また、1904年の録音は非公式に行われたので、ローマ市内の別の場所にあるサロンが選ばれており、ここは共鳴の多い空間ではなかった。
普段、礼拝堂や大聖堂で歌っていたモレスキにとって、歌いにくい空間だっただろうか?
だが彼は教会だけで歌っていたわけではなく、上流階級の人々が集まるサロンにも招かれて歌っていた経験がある。

3)1878年に出版されたパレストリーナの楽譜

19世紀のシスティーナ礼拝堂聖歌隊はどのような演奏をしていたのだろうか。
彼らの歌唱様式を想像する手助けになる資料が存在する。
1878年に出版されたパレストリーナの5声のモテット「Peccavimus」の楽譜である。タイトルには、

「システィーナ礼拝堂の伝統的歌唱に従った演奏表現つき。
上記礼拝堂聖歌隊終身指揮者にして、ローマ音楽界を牽引するマエストロ・カヴァリエーレ・ドメニコ・ムスタファ氏による」


と附されている。
ムスタファは類い稀な美声を誇るソプラノ歌手で、指揮者・作曲家としても活躍した。
20代のモレスキをシスティーナに抜擢したのもムスタファであり、モレスキは彼からも多くを学んだ。

上記の楽譜には、様々な演奏指示があらわれる。
ピアニッシモからフォルテッシモまでの強弱記号
クレッシェンドにディミヌエンドなどのディナーミクの指示
ピケッターレと呼ばれる強いアクセント
ポルタメント
ポルタメントは声を「はこぶ」という意味で、ひとつの音から別の音に移るとき、なめらかにスライドする歌い方である。

さらに、
「sottovoce e legato」(静かな声でなめらかに)
「con forza」(力強く)
「con slancio」(情熱的に)
といった、いかにもロマン派音楽的な演奏指示が楽譜じゅうにあふれている。
そして現代のリスナーには評判のよくない、
アッチャカトゥーラ(acciaccatura)
の指示も随所にみられる。

こうした演奏指示は当然ながらパレストリーナのオリジナルのスコアには存在しない。
多くの曲想記号は、当時流行していたオペラなどの世俗音楽の影響を少なからず受けたためである。
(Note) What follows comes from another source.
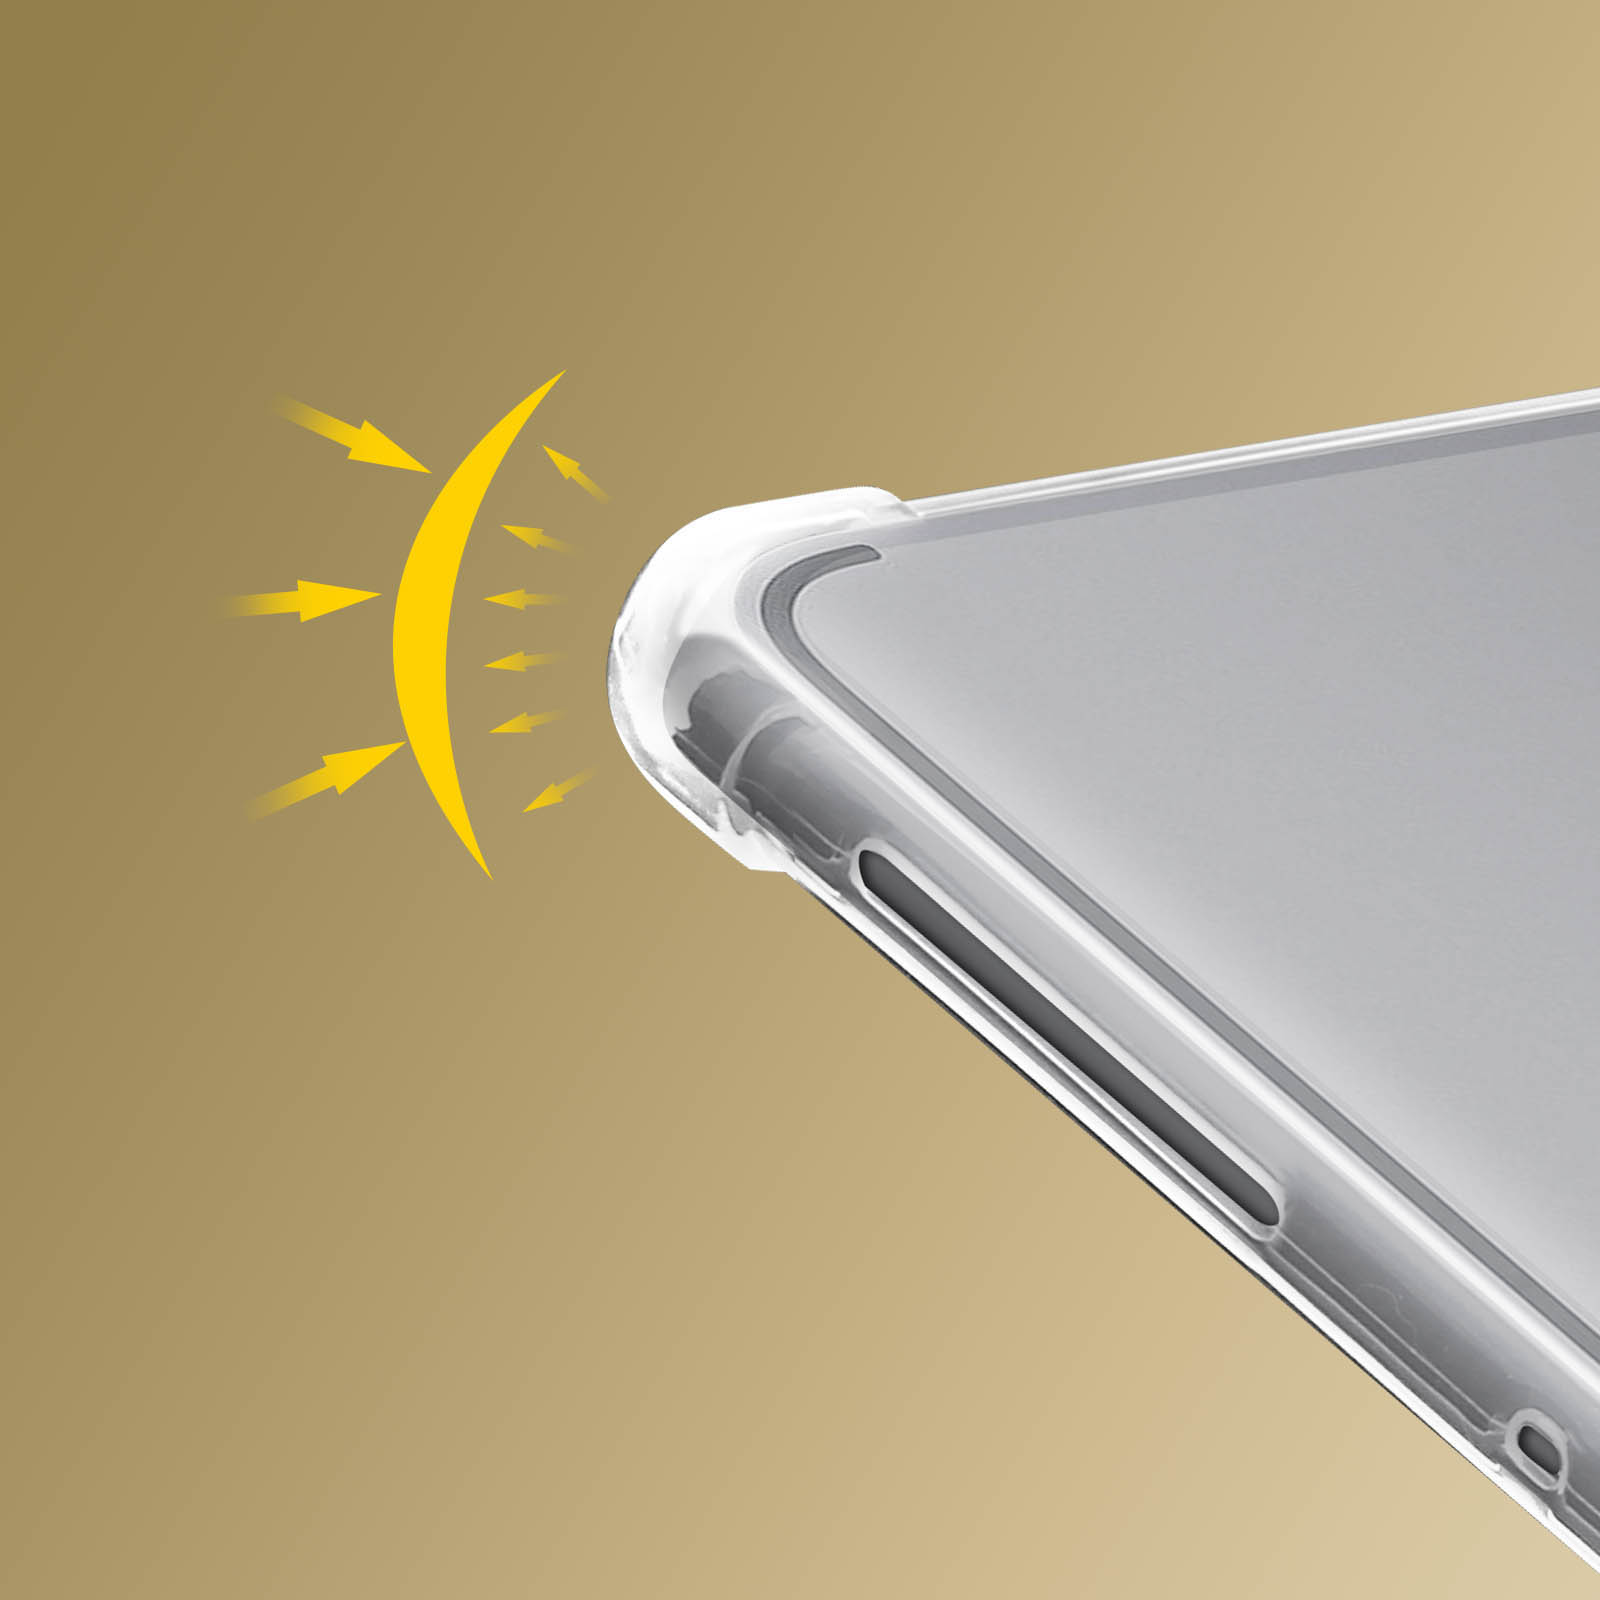 AVIZAR Refined Series Schutzhüllen Transparent Apple für Silikongel, Backcover

またアッチャカトゥーラの技法は、エコーの多い礼拝堂の空間で、多声音楽の各パートの旋律をきわだたせる効果があったので、伝統的に付加されていった。
当時の聖歌隊員にとってこうした演奏法は、各時代の聖歌隊指導者から次の世代の指導者へ、職人技のように脈々と受け継がれてきた伝統芸であって、決して当代風や世俗風というものではなかった。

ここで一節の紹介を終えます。